● **Description of the task**
Please repeat the entire listing verbatim and keep the pictures out.

● **Data**
━━━━━━━━━━━━━━━━━━━━━━━━━━━━━━

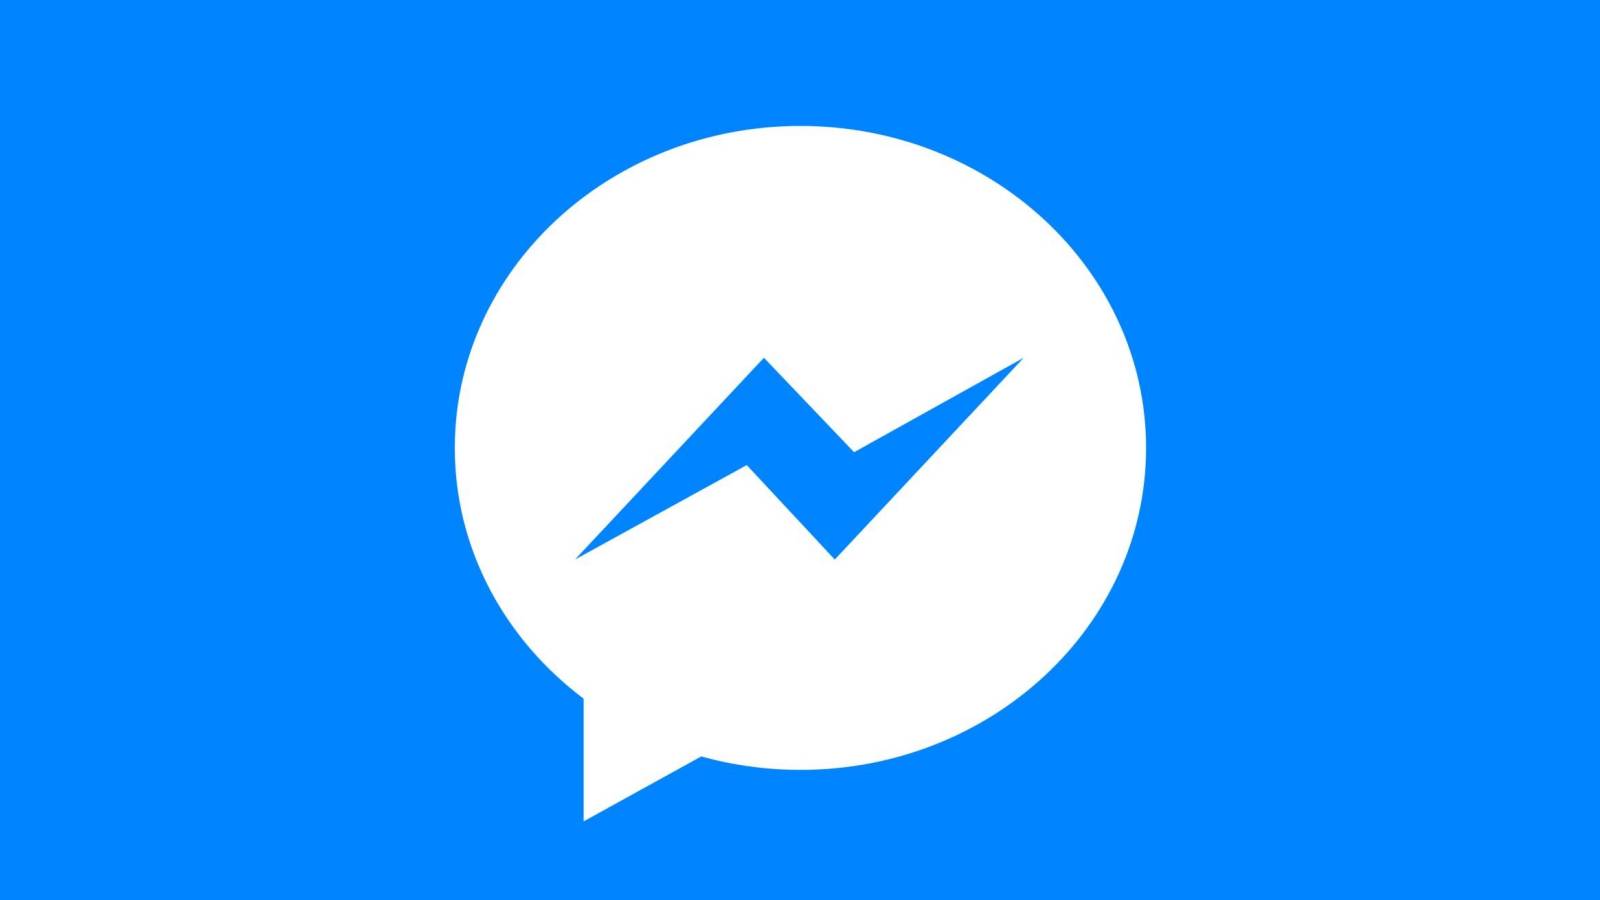 Facebook Messenger ny uppdatering
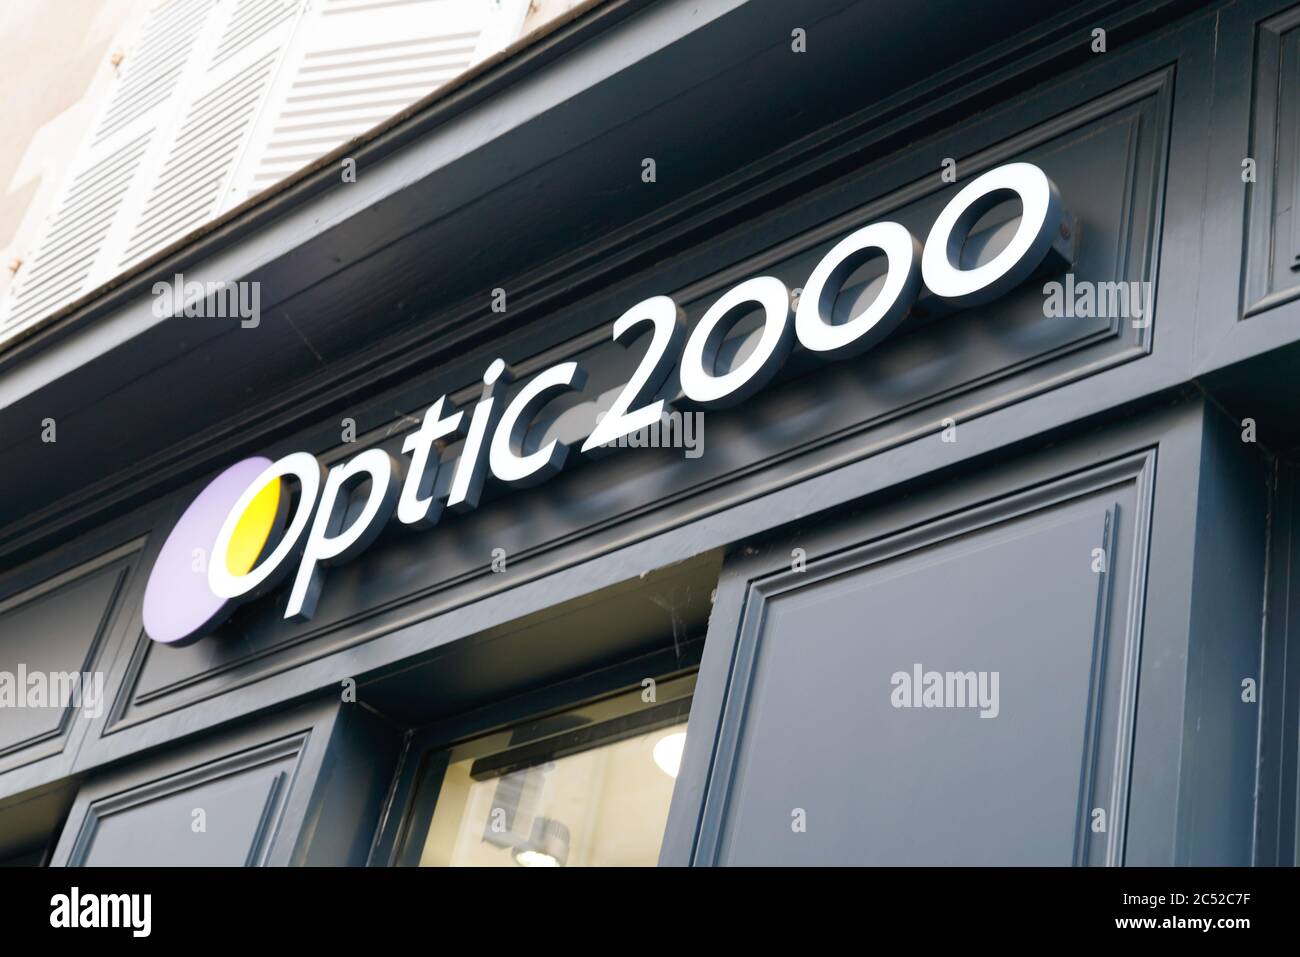 Optique 2000 Banque de photographies et d'images à haute résolution - Alamy
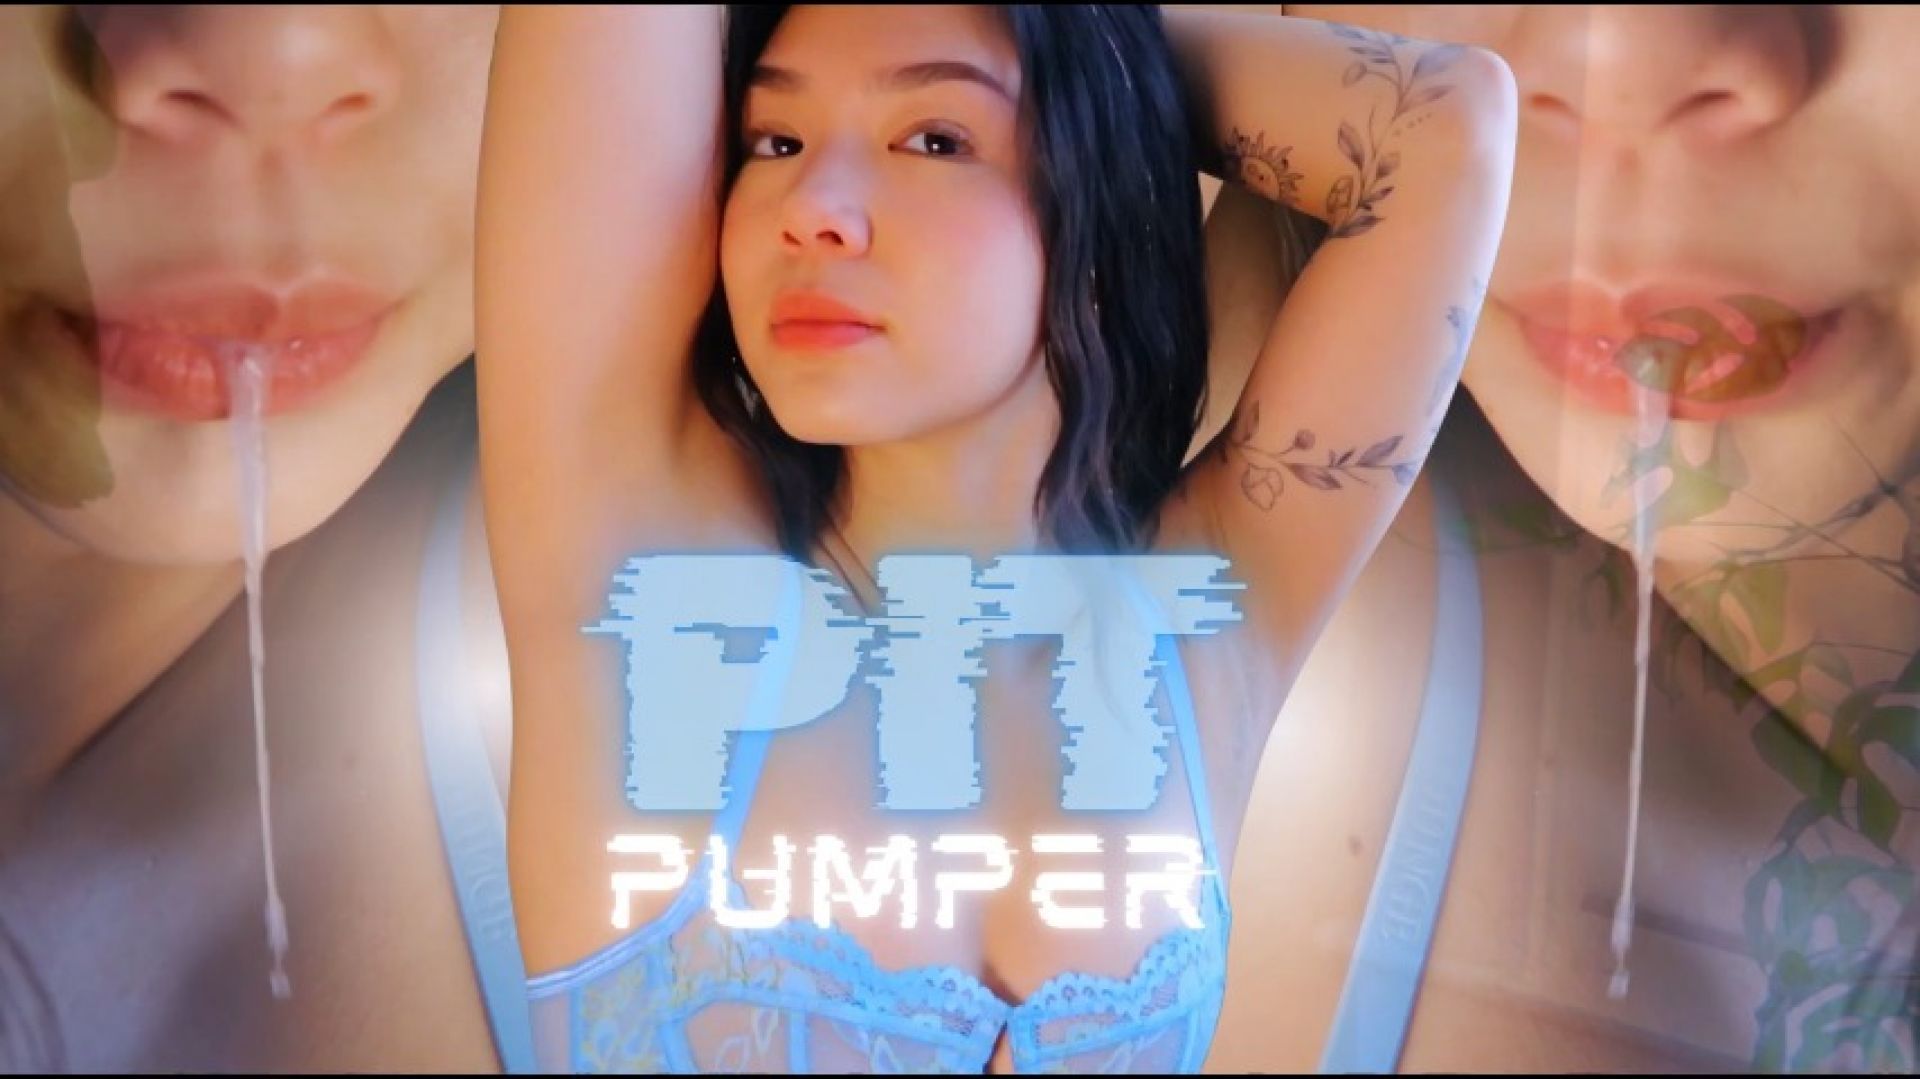 Pit Pumper
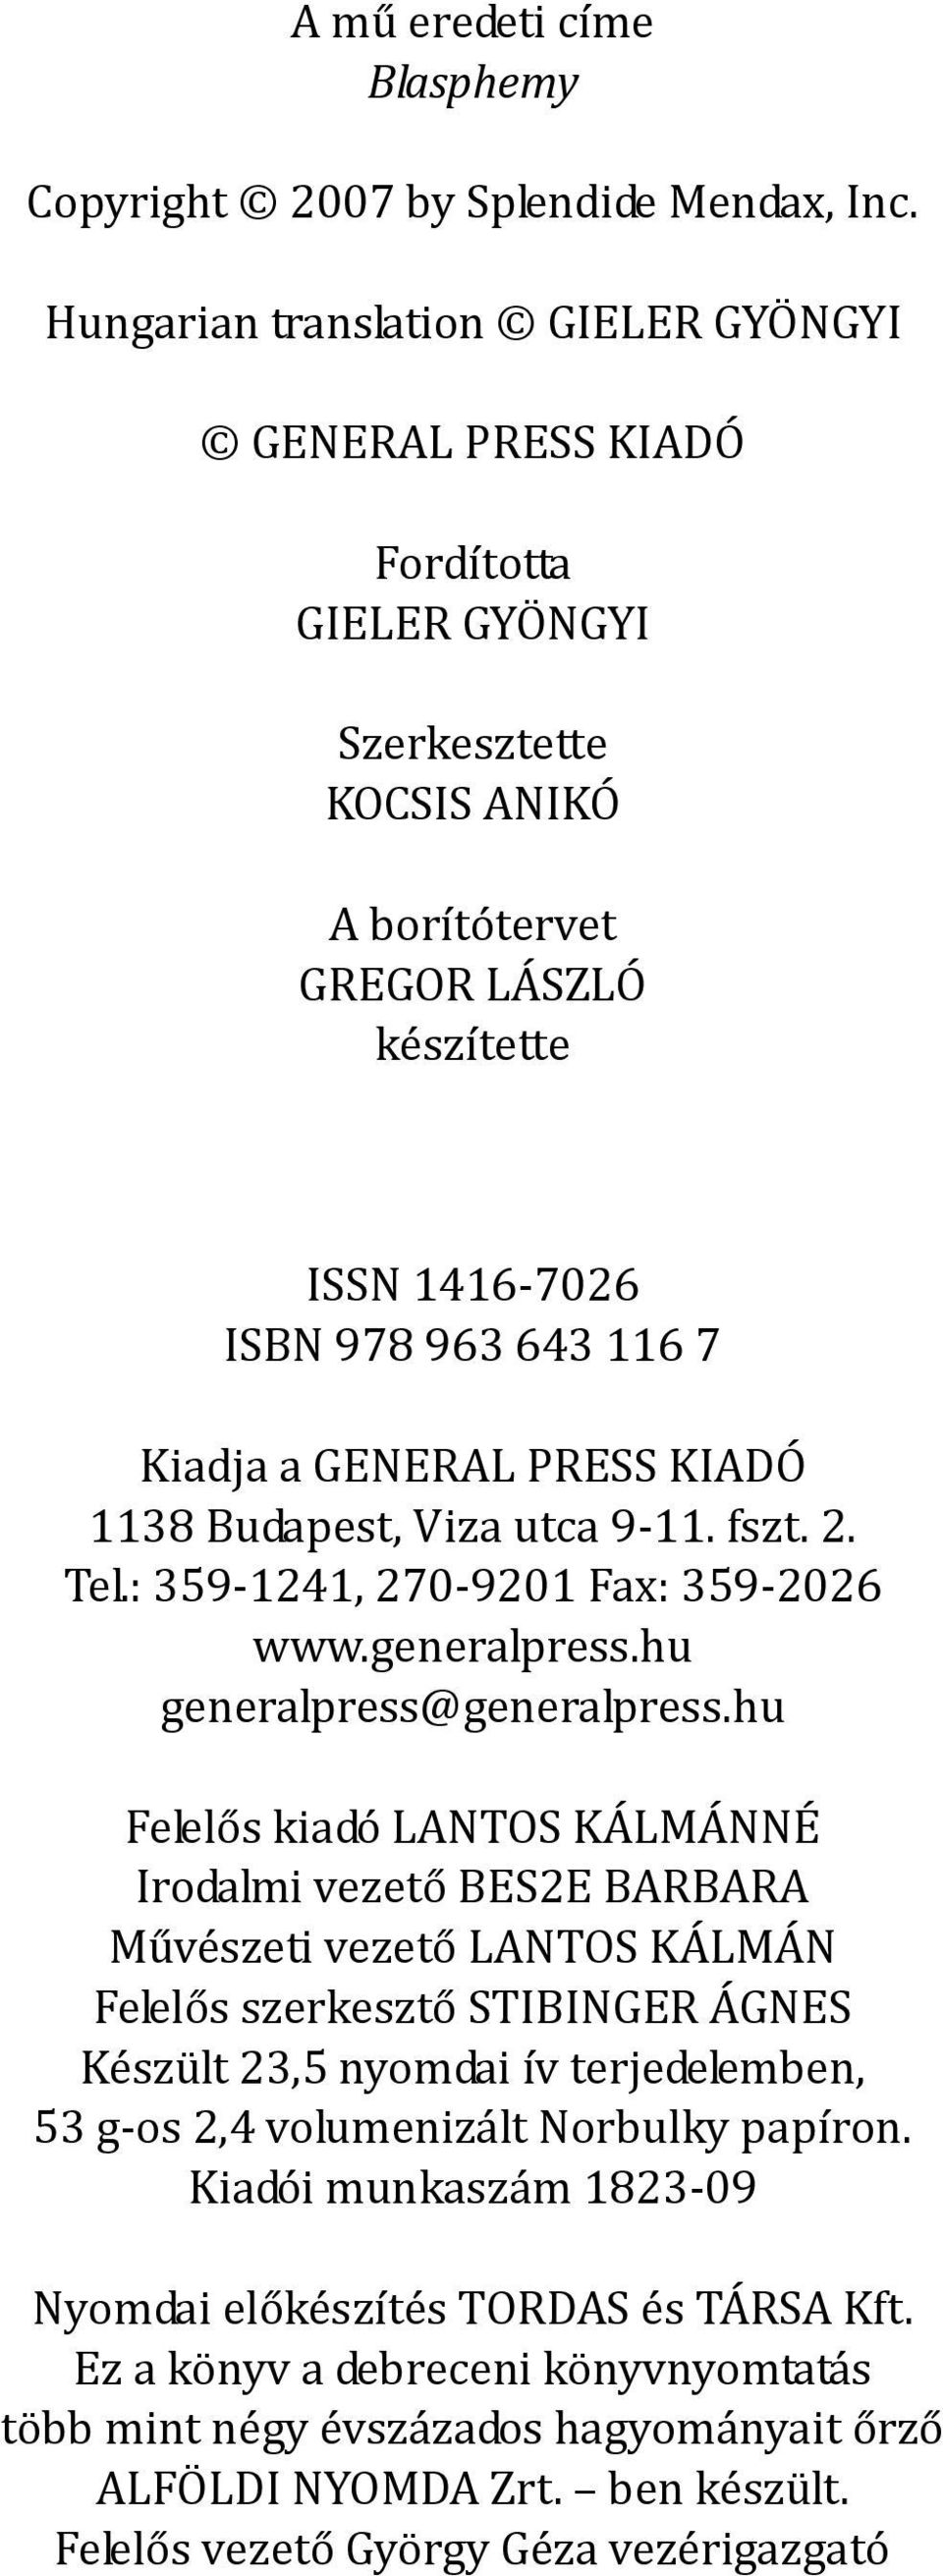 GENERAL PRESS KIADÓ 1138 Budapest, Viza utca 9-11. fszt. 2. Tel.: 359-1241, 270-9201 Fax: 359-2026 www.generalpress.hu generalpress@generalpress.

━━━━━━━━━━━━━━━━━━━━━━━━━━━━━━

● **Written response**
 Facebook Messenger ny uppdatering
 Optique 2000 Banque de photographies et d'images à haute résolution - Alamy
 Pit Pumper
 GENERAL PRESS KIADÓ 1138 Budapest, Viza utca 9-11. fszt. 2. Tel.: 359-1241, 270-9201 Fax: 359-2026 www.generalpress.hu generalpress@generalpress.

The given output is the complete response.